Perché

A me piace leggere, scrivere e correre. Ultimamente riesco a scrivere solo racconti o considerazioni legate alla corsa. E cerco di scovare racconti o romanzi legati in qualche modo alla corsa. E, appena posso, corro. Speriamo non sia grave.

domenica 1 febbraio 2015

« Courir – Méditations physiques » … Corro ergo sum! (recensione)

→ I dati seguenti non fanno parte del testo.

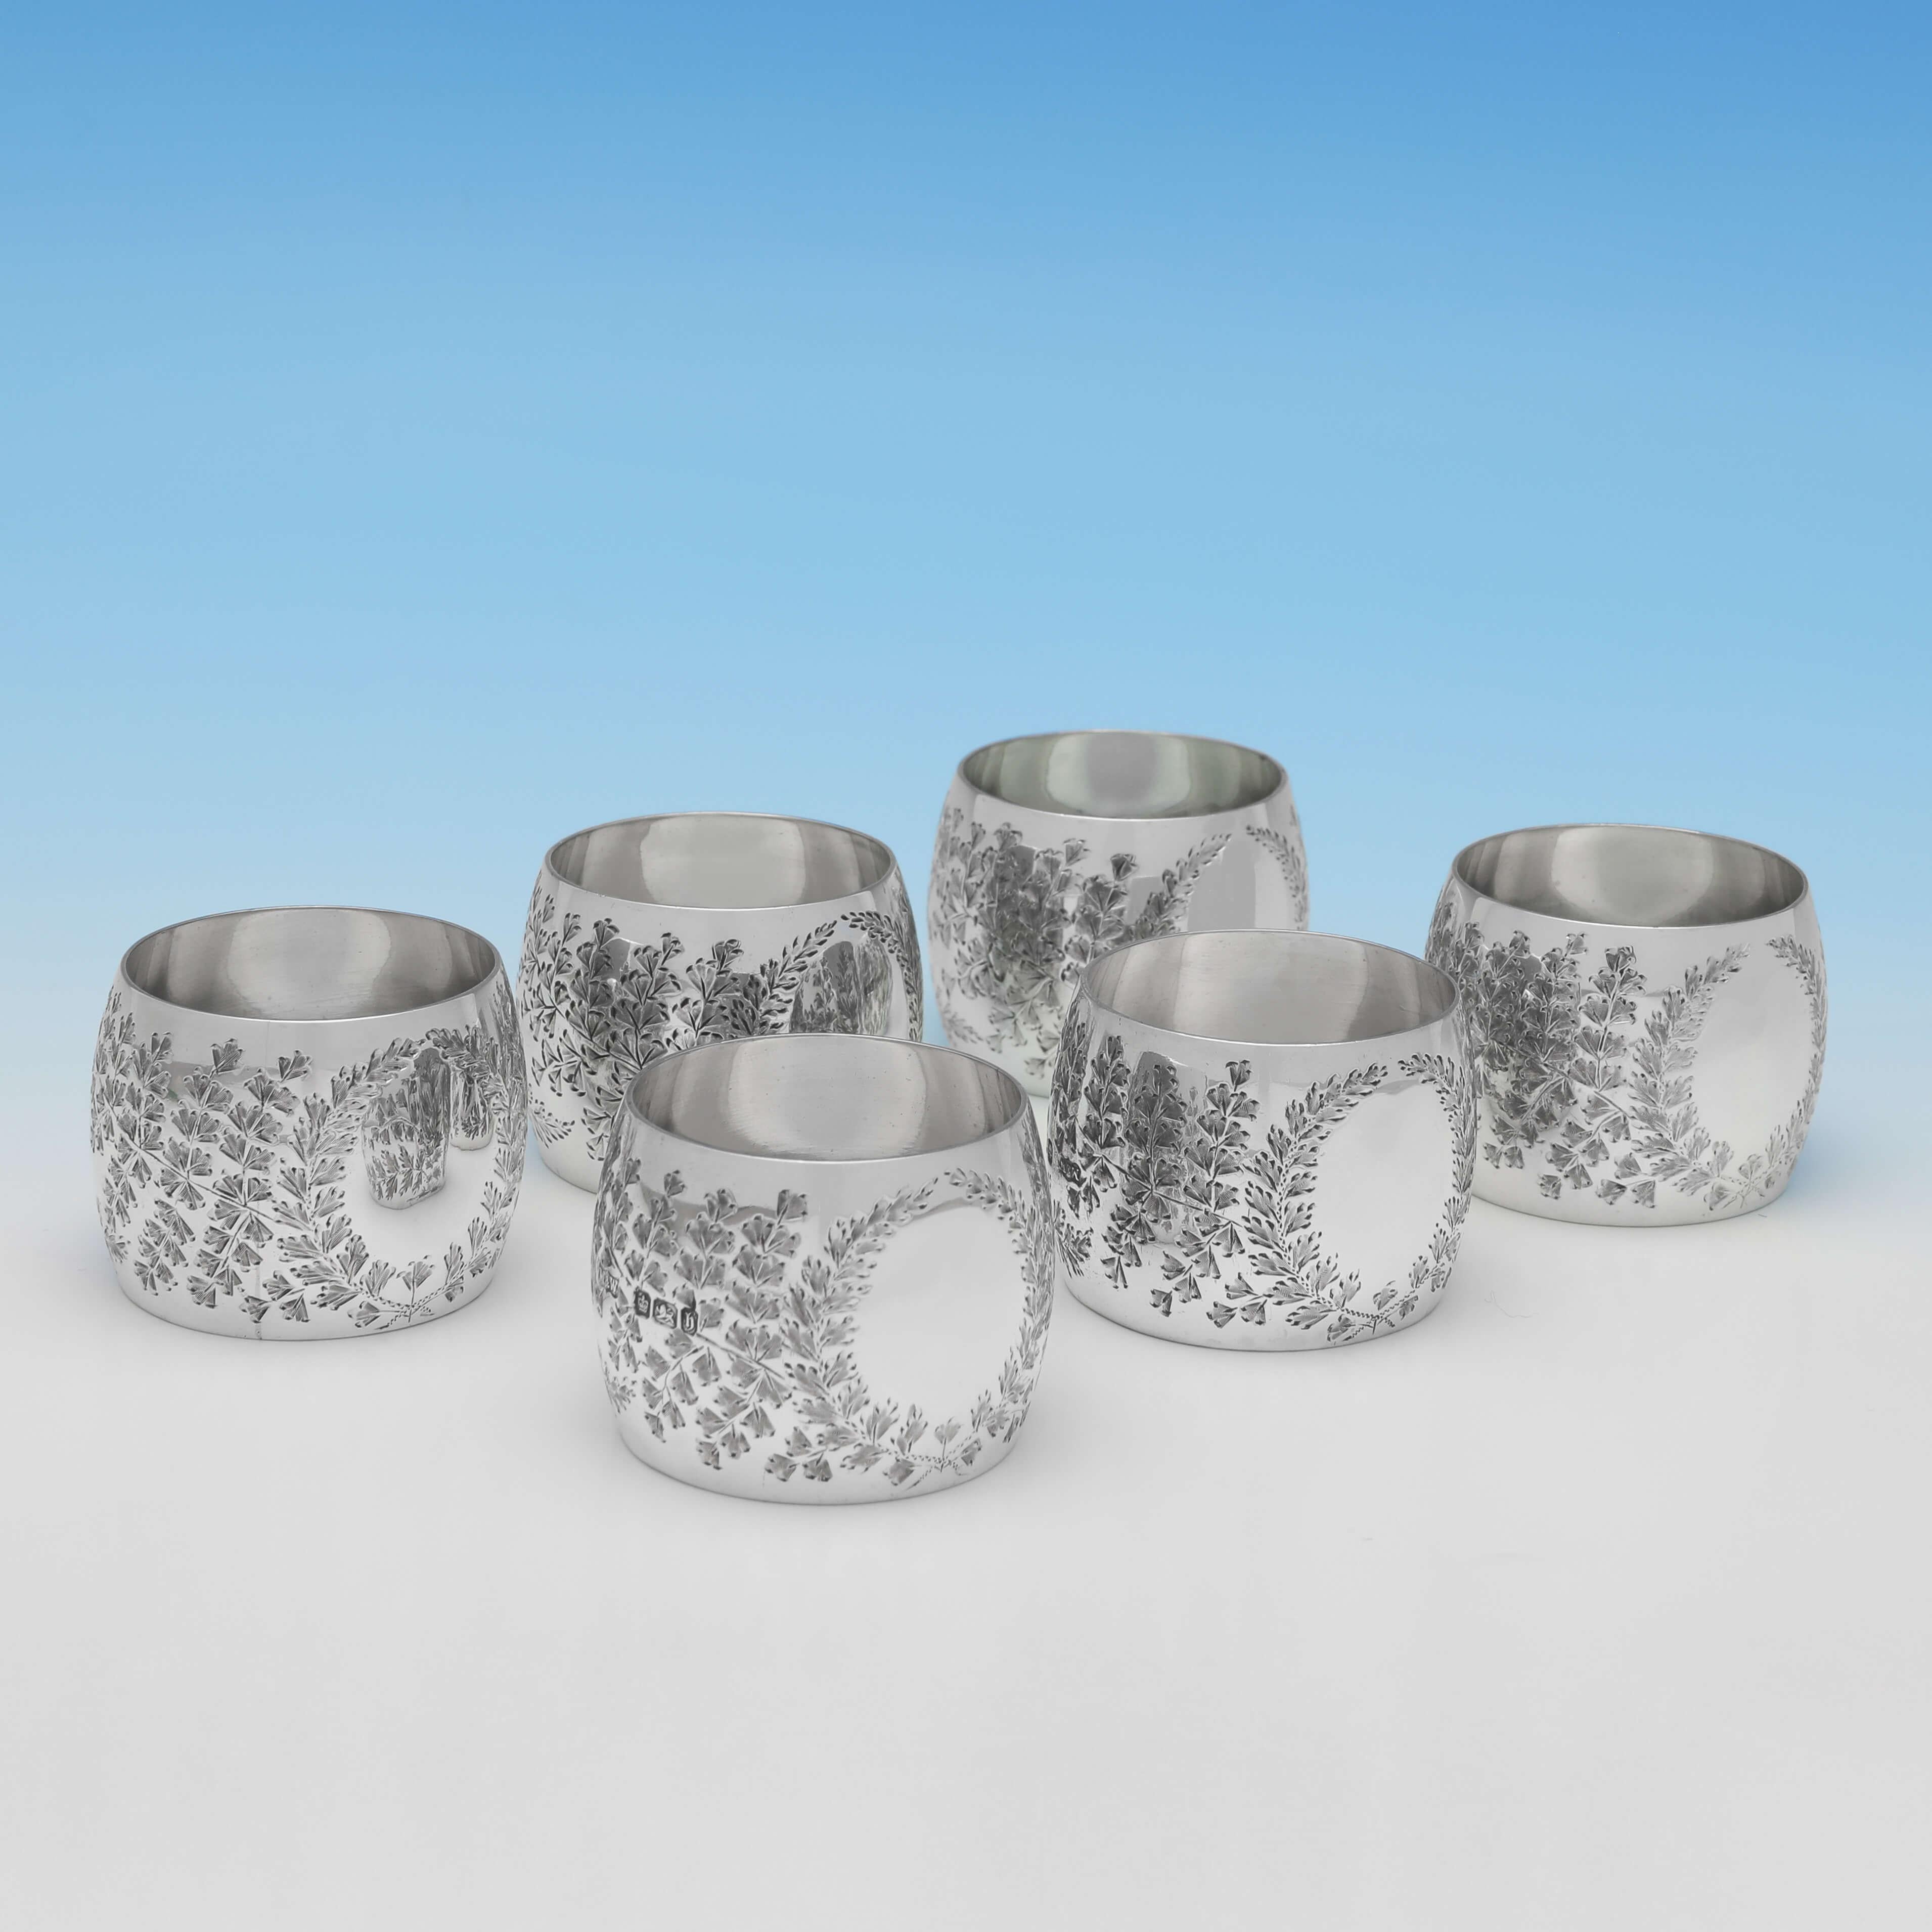 Hallmarked in Sheffield in 1900 by Mappin & Webb, this very attractive set of 6, Antique Sterling Silver Napkin Rings, are presented in their original box, and feature engraved decoration and vacant cartouches. Each napkin ring measures 1.25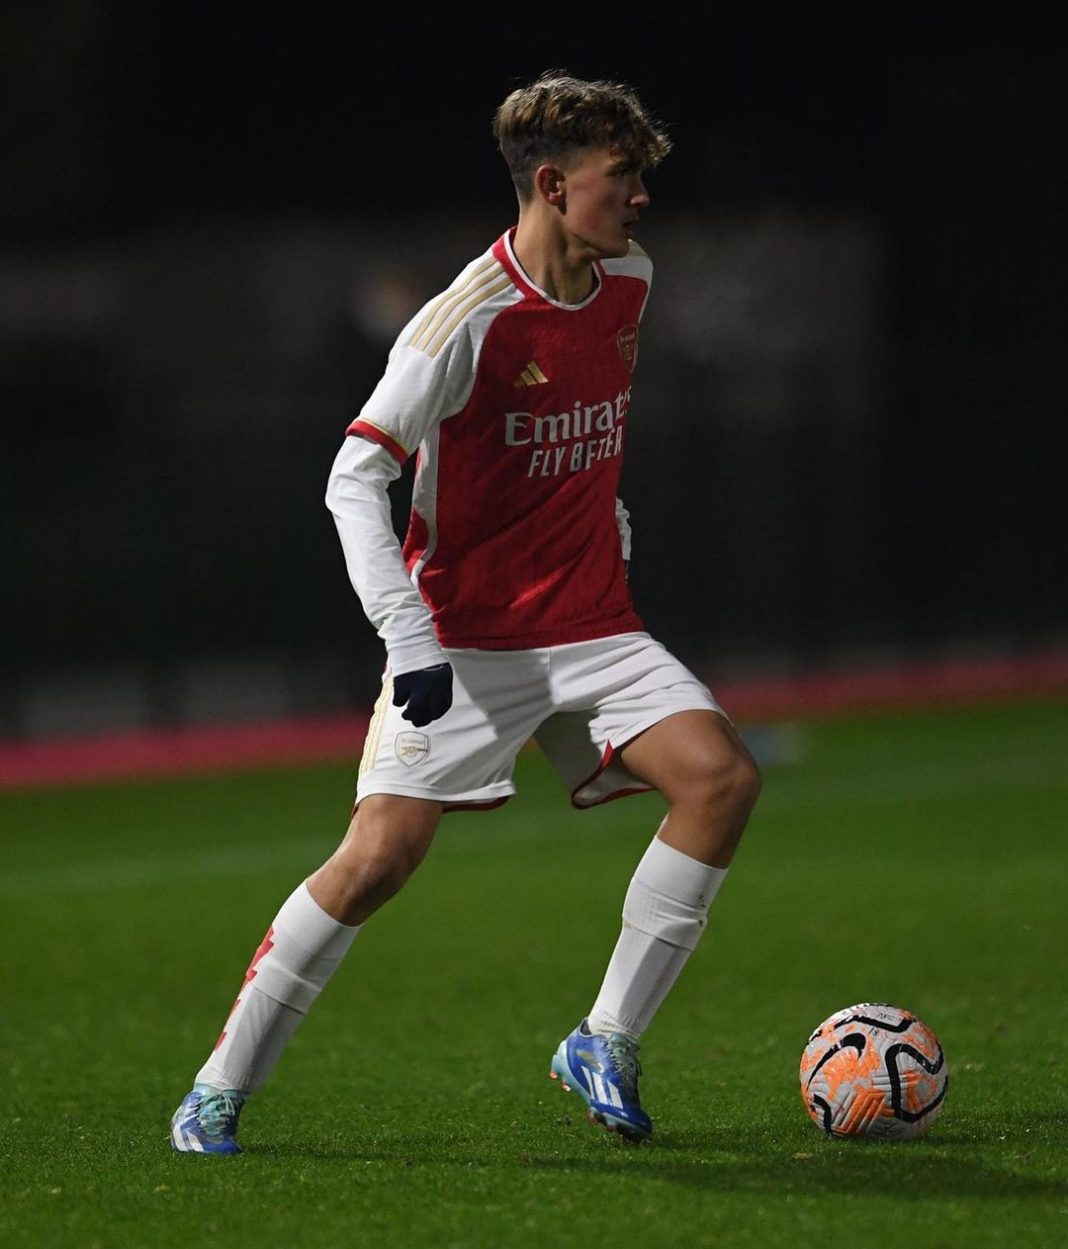 Max Dowman plays for the Arsenal academy (Photo via Dowman on Instagram)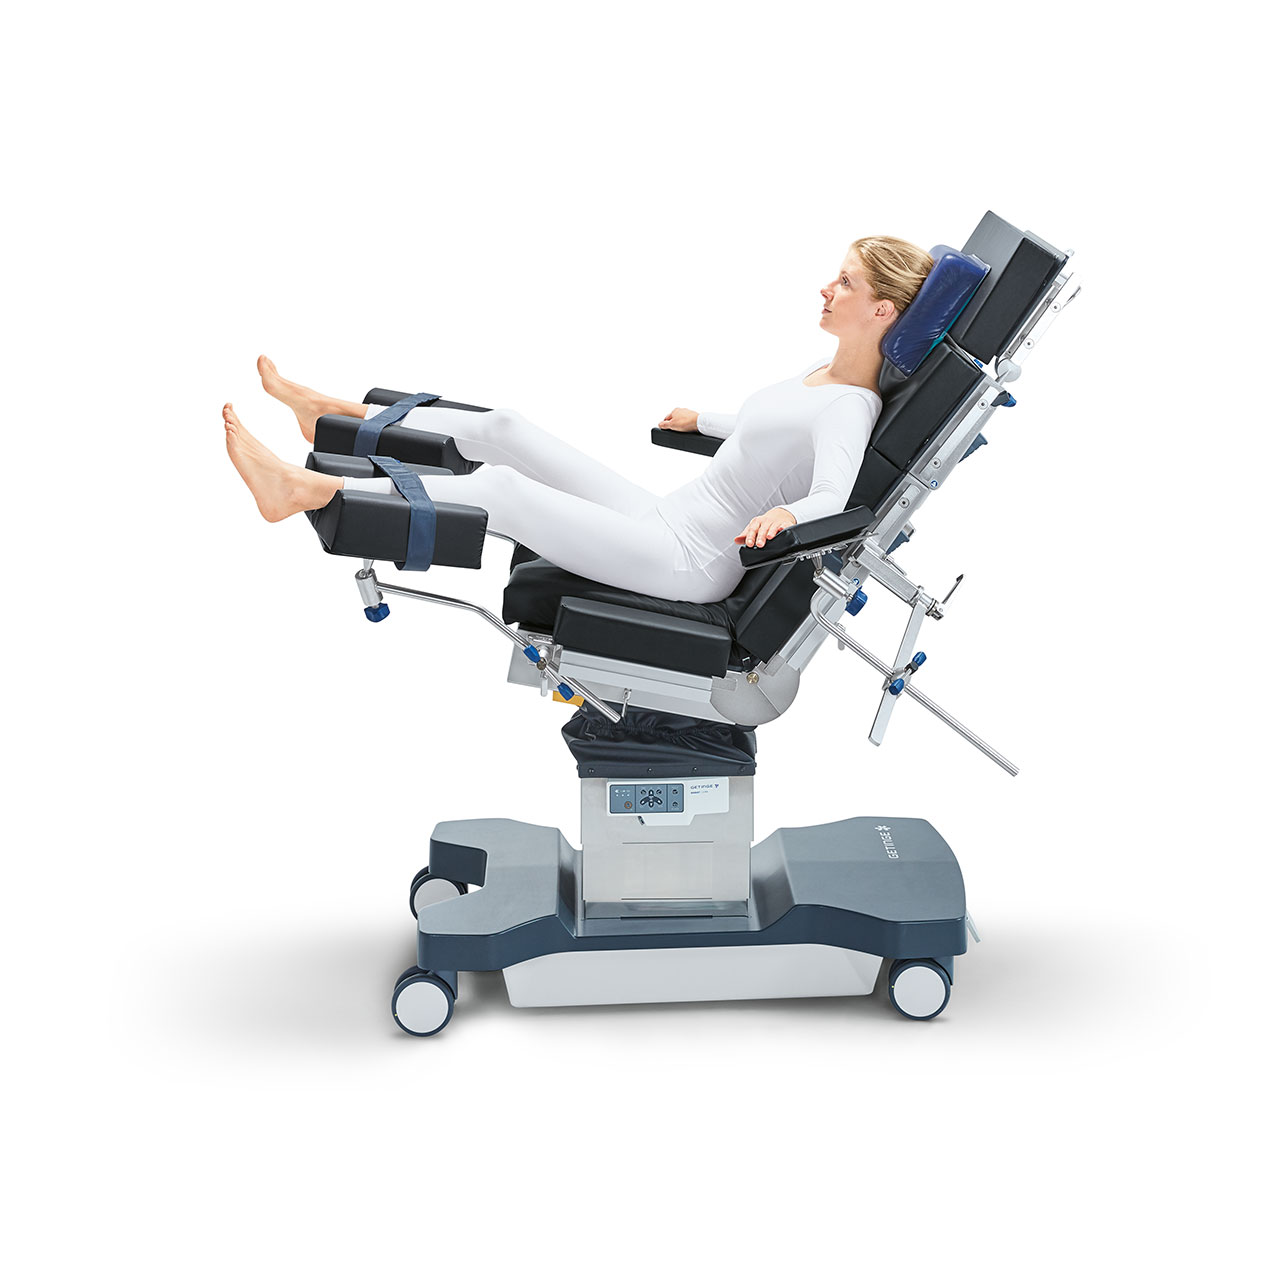 The Maquet Lyra Mobile OR Table ensures stability and safety for a broad range of patients. It has a maximum load of 360 kg in normal position, and 180 kg without any restrictions – ideal for  most patient populations.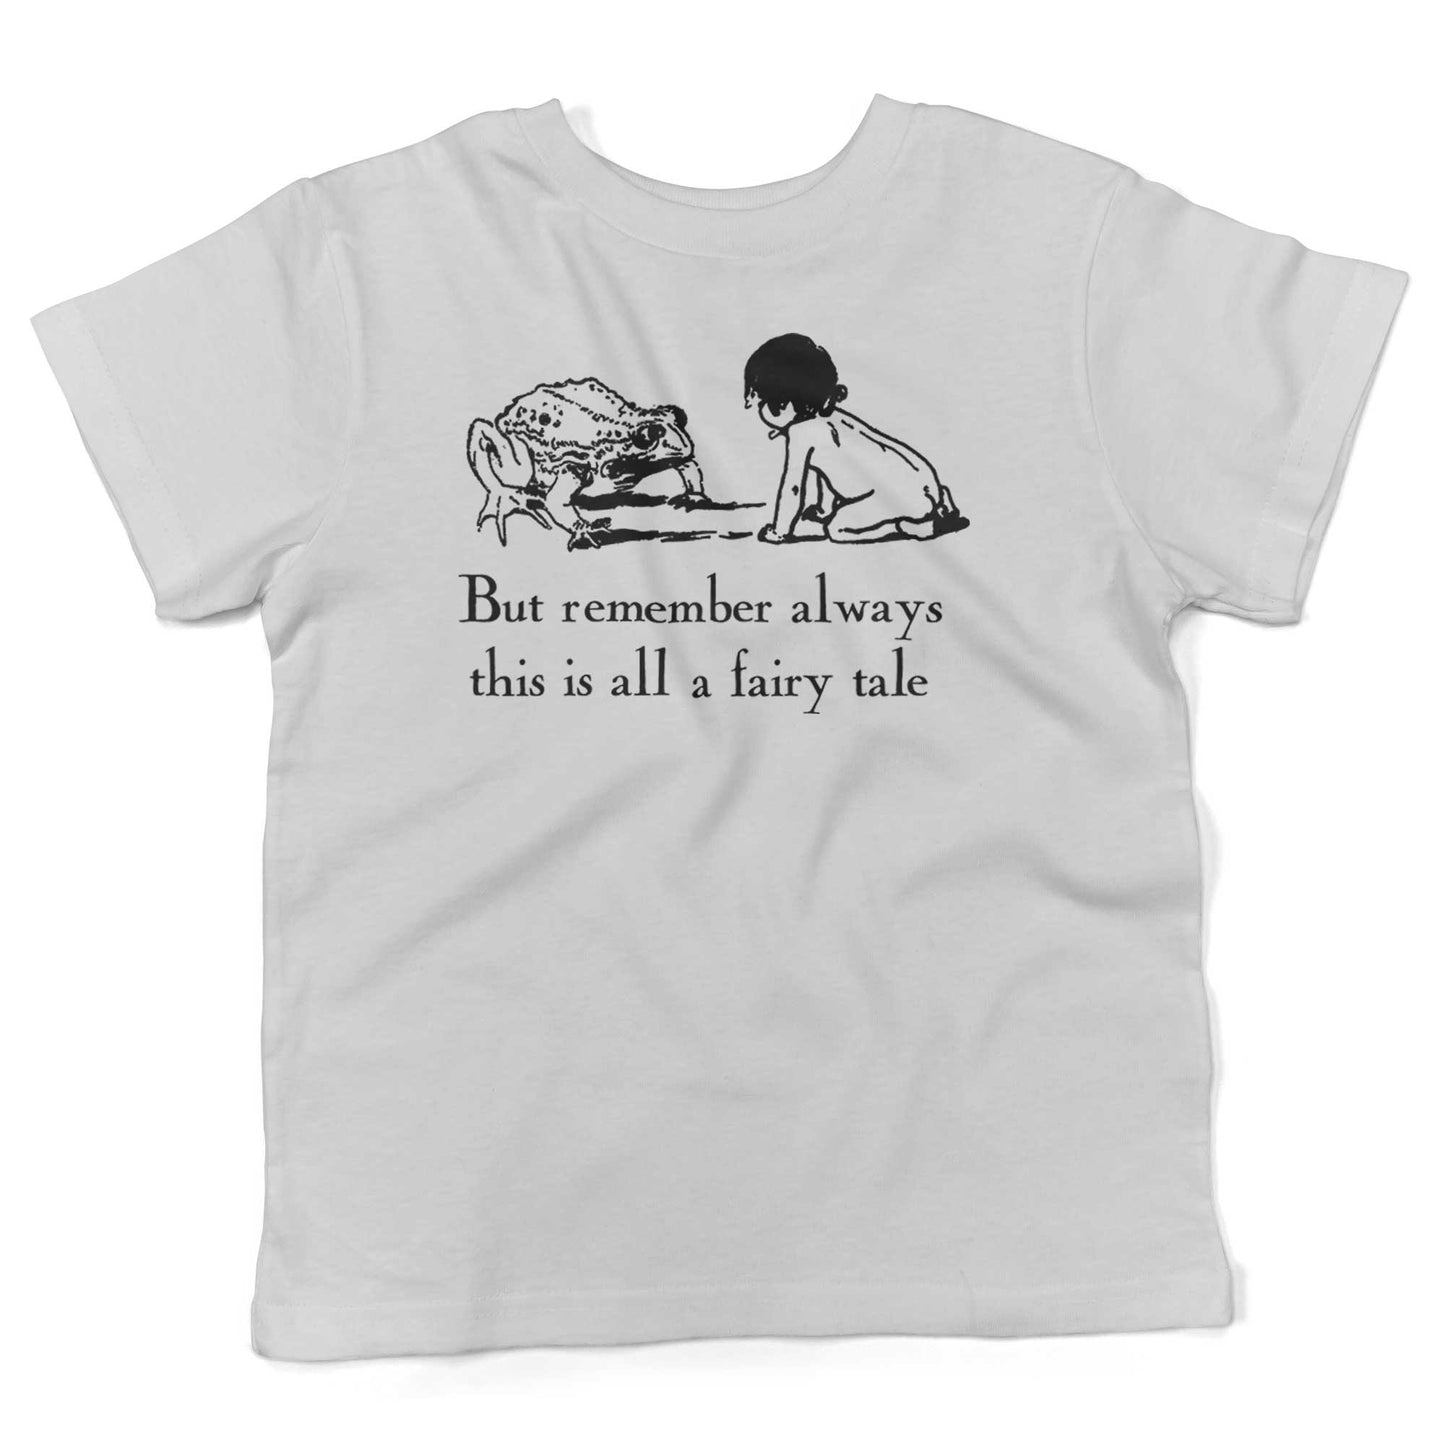 But remember always this is all a fairy tale Toddler Shirt-White-2T

C’è una libreria nel Marais a Parigi dal nome evocativo, Comme un roman, che adoro e in cui non manco di fare una sosta ogni volta che mi fermo qualche giorno. Durante le vacanze di Natale sono riuscito a trovare un altro libro sulla corsa. Ribadisco che il mio obbiettivo sono libri di narrativa o saggistica intorno alla corsa ma non dei manuali di corsa. Procedo in due fasi. La prima è quella più scontata: parto a esaminare la sezione “Sport” e la sottosezione “Corsa”, ma ovviamente i risultati sono molto limitati e i libri più o meno sempre gli stessi. La seconda fase, quella più creativa e faticosa, è quella di scovare un libro sulla corsa tra quelli “normali”. Rarissimamente questa ricerca ha successo e soprattutto quasi mai è merito mio. Questo libro infatti mi fissava, con la sua copertina rosso fuoco, dal tavolo delle novità filosofiche. Il titolo Courir era autoesplicativo: l’ho preso senza neanche sfogliarlo, mi è bastato il sottotitolo: Méditations physiques.
Trovo che corsa e filosofia siano un ottimo abbinamento e questo non è il primo libro di un filosofo che vi segnalo (“Correre con il branco”).
Anche in questo caso si tratta di brevi racconti o riflessioni sulla corsa, non casualmente ‘quarantadue capitoli e qualche centinaia di parole’, da parte di uno che corre abitualmente e ha esperito anche varie maratone, pertanto diciamo che sa di che sta parlando.
Ovviamente non tutto il libro è allo stesso livello ma ci sono riflessioni e spunti che ho trovato interessanti.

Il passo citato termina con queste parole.